Ia menyebut penyelenggaraan kegiatan seperti itu merupakan salah satu langkah pemerintah untuk kembali memulihkan ekonomi masyarakat melalui sektor pariwisata terutama pascapandemi Covid-19.
Menurut Raden, Alor memiliki berbagai atraksi wisata minat khusus, religi, budaya, seni, dan bahari yang dapat dipromosikan melalui kegiatan seperti Festival Dugong ini.

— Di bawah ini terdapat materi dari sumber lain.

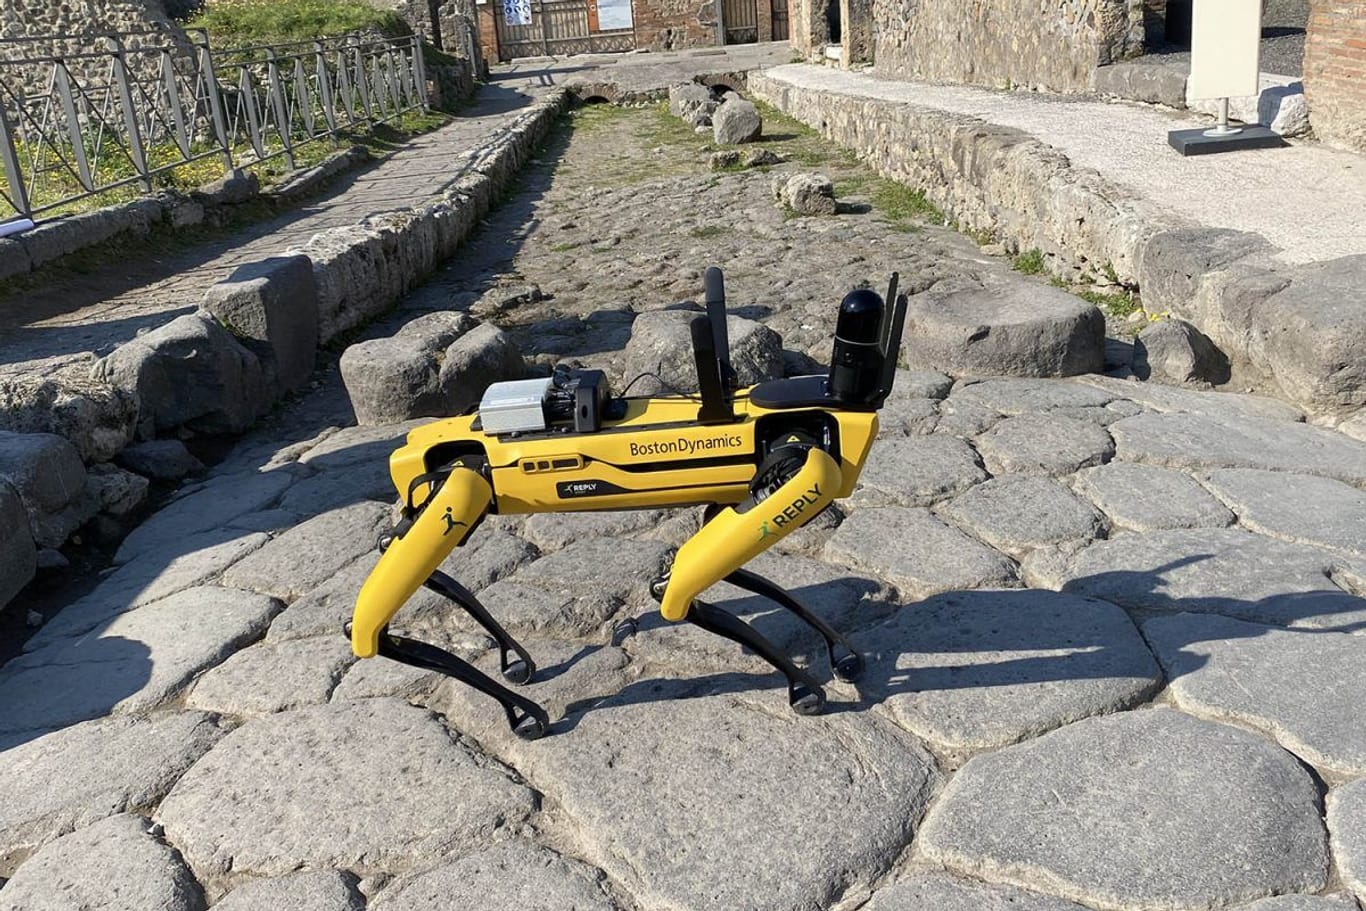 Spot in Pompeji: Der Roboterhund inspiziert die archäologische Anlage.
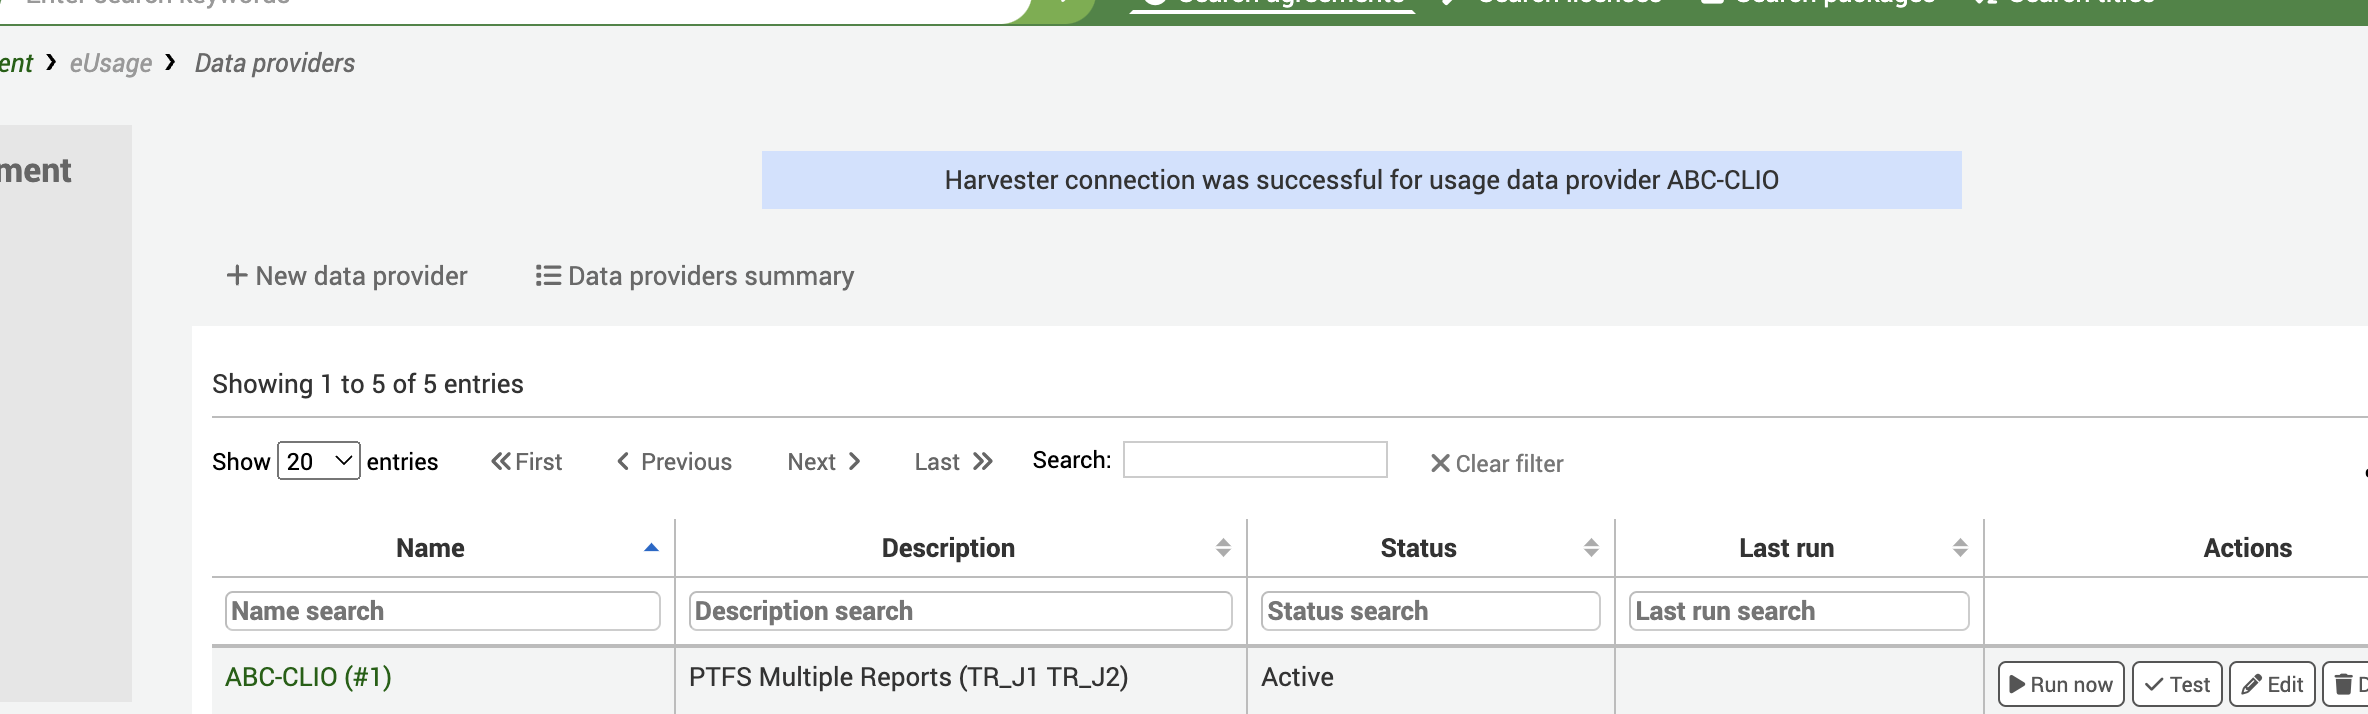 संदेश के साथ डेटा प्रदाता स्क्रीन: 'हार्वेस्टर कनेक्शन का उपयोग डेटा प्रदाता एबीसी-सीएलआईओ के लिए सफल रहा है।।

Apalagi masuknya Festival Dugong dalam kalender event nasional menjadi bukti bahwa Alor menempati posisi yang istimewa di bidang pariwisata Indonesia.
Sementara itu, Direktur Utama Badan Pelaksana Otorita Labuan Bajo, Flores, Shana Fatina yang hadir dalam kesempatan itu mengatakan Alor memiliki begitu banyak potensi wisata dan sangat kental dengan nuansa kearifan lokal dan prinsip keberlanjutan.